Article 60 of the constitution prohibits forming political parties that are formed on a religious basis.

Government meetings and events typically commence with two prayers, one Islamic and one Christian. The government often invites senior officials of both religious groups to open major government events with prayers. The president, a Muslim, delivers a Christmas message to the nation each year and also delivers messages for major Muslim feasts.

The government does not require religious groups to register. Faith-based nongovernmental organizations (NGOs) must meet the same registration and licensing requirements as other NGOs.

Islam
According to the CIA World Factbook, Muslims constitute 96.4 percent of the population. The vast majority are Sunnis influenced by Sufism. The main Sufi orders represented are Tijaniyah and Qadiriyah. Sufi orders pray together at common mosques. A small percentage of Muslims, predominantly immigrants from South Asia, do not ascribe to any traditional Islamic school of thought.

Islam and state
The Supreme Islamic Council is an independent body that advises the government on religious issues. Although not represented on the council, the government provides the council with substantial funding. The country's president serves as the minister of religious affairs and maintains a formal relationship with the council.

The constitution establishes Qadi courts, with Muslim judges trained in the Islamic legal tradition, in specific areas that the chief justice determines. The Qadi courts are located in each of the country's seven regions and apply sharia law. Their jurisdiction applies only to marriage, divorce, custody over children, and inheritance questions for Muslims.

Non-Qadi district tribunals, which deal with issues under the customary and traditional law, apply sharia, if relevant when presiding over cases involving Muslims. A five-member Qadi panel has purview over appeals regarding decisions of the Qadi courts and non-Qadi district tribunals relating to sharia.

Ahmadiyya
Among the immigrants from South Asia there are also followers of the Ahmadiyya faith. The Ahmadis do not pray together with Sufis in Sufi mosques.

Christianity
A significant minority, estimated 3.5% of the population, is Christian. The Christian community, situated mostly in the west and south of the country, is predominantly Roman Catholic; there are also several Protestant groups including Anglicans, Methodists, Baptists, Seventh-day Adventists, and various small evangelical denominations.

Foreign missionary groups operate in the country.

Hinduism
There is a small group of Hindus among the South Asian community.

According to ARDA, Gambia had 0.02% Hindus in 2020.

Regulation of interfaith marriage
Intermarriage between Muslims and Christians is common.
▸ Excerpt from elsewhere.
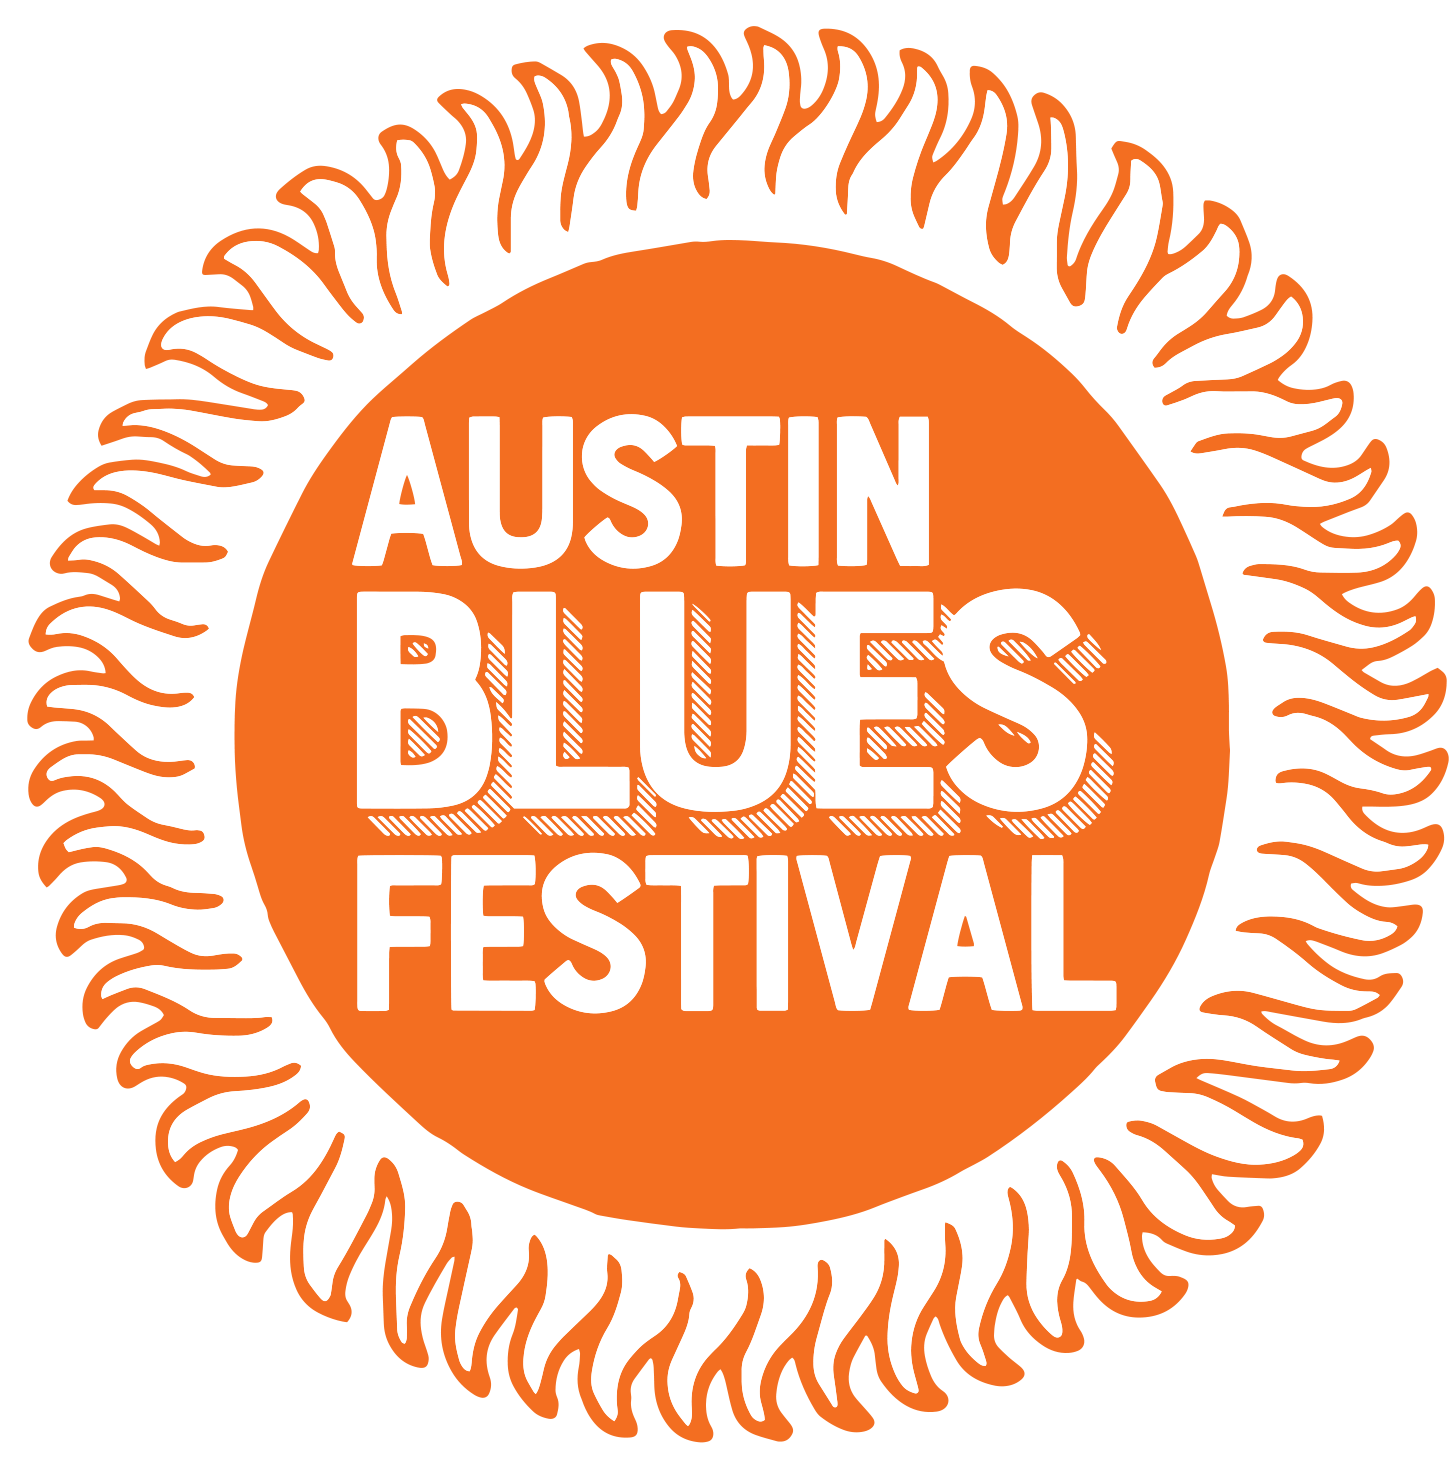 Austin Blues Festival — April 27-28, 2024
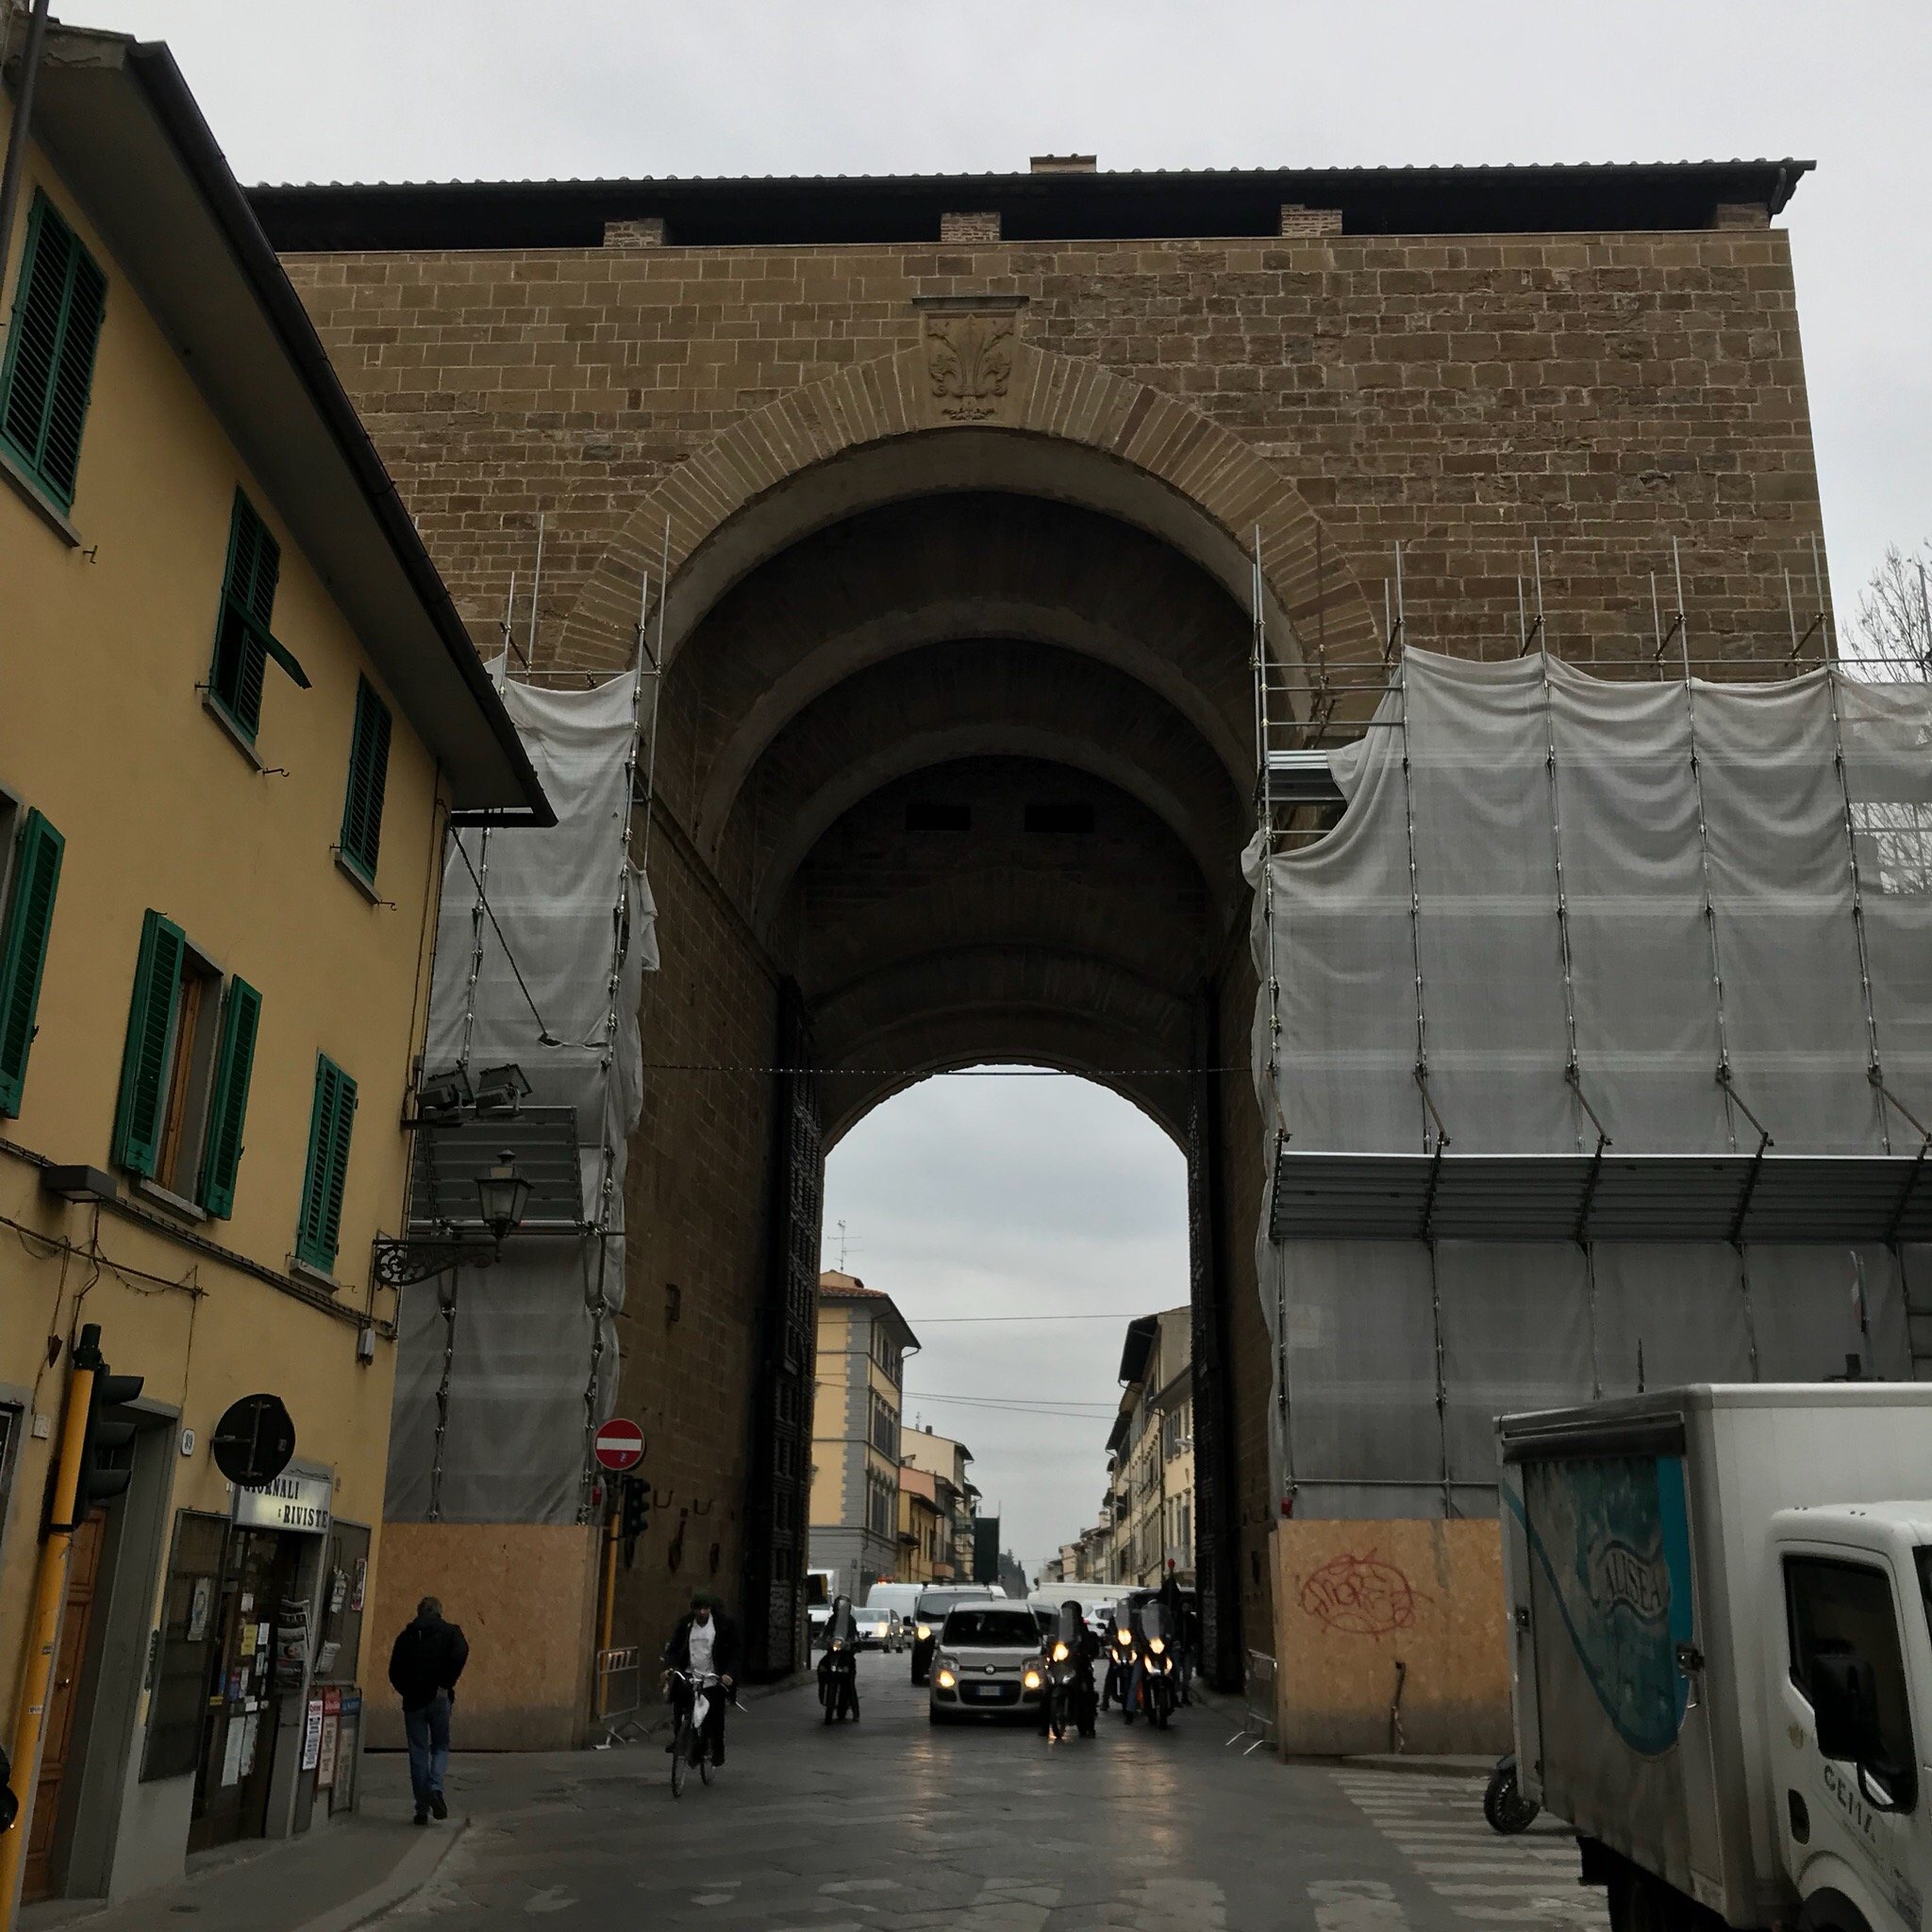 Porta di San Frediano

Sharia law applies to interfaith couples where the Muslim spouse is the husband.

Traditional religions and syncretism

Less than 1 percent practice traditional African religion. In some areas, Islam and Christianity are syncretized with traditional African religion, such as the Serer religion. Christians also syncretize Christianity with the old Traditional African religion.

Other
There is a small group of followers of the Baháʼí Faith among South Asian immigrants. There are few atheists in the country.

Religion and ethnicity

Faith practices outside codified Islam

Female genital mutilation
Female genital mutilation (FGM) is a practice that is prevalent in many African countries and has sparked various debates around religion and tradition/culture. FGM as a rite of passage is practiced heavily in the Gambia; about  75% of the population indulges in it, mainly affecting young girls before they reach 18. It is the ritual cutting or removal of some or all of the external female genitalia. This is a pre-Islamic practice, but many use the Qu'ran to justify it, stating that Allah has vindicated it. Nevertheless, out of the eight ethnic groups, seven engage in the practice. It is a practice that is believed to ensure premarital virginity and marital fidelity. The World Health Organization (WHO) has recognized it as a violation of the human rights of young girls and women. In 2015 former  President Jammeh banned FGM, ordering anyone who was caught performing would be sentenced to jail; however, there is no law stating that it has been officially banned.

Animism
Although Islam is a monotheistic religion, many ethnic tribes in the Gambia are practitioners of animism and have faith in other gods. The practice of wearing Jujus around the waist is a common feature among ethnic groups. Jujus are charms that are believed to have magical or supernatural powers. Many wear them as protection or good luck charms against any evil. Gambian wrestlers, soccer players, artists are known for wearing Juju waistbands. The Juju waistbands are mostly Qur'anic inscriptions prescribed by Marabouts enclosed in leather pouches; in the Mandinka language, they are called Safou. Marabouts can be Islamic teachers, fortune tellers, shamans, or spiritual guides. People seek advice from them to obtain any form of good fortune and luck. The local herbalists/marabout make these Juju waistbands to protect people from evil and improve their status. This is a taboo belief that Islam does not tolerate. In Surah 2, verse 163, it states that your  God is one God! There is no god but He; however, many ethnic tribes are highly involved in Juju work and belief.

Praying at "sacred sites"
Though it goes against Islamic tradition, many Gambians will pray at sacred sites where holy men frequently pray to seek Allah's blessing. Places such as crocodile pools, ancient trees, and burial sites are familiar places where Gambia Muslims seek prayer answers despite it being against the Islamic Code. The most common sacred sites are in Bakau Kachikally (the Kachikally Museum and Crocodile Pool), and Kartong Folonko. People frequently visit these sites for various reasons, such as seeking blessing for a promotion at work and praying for their children. Women who cannot have children often visit these sites to seek Allah's blessing in the hopes they will conceive.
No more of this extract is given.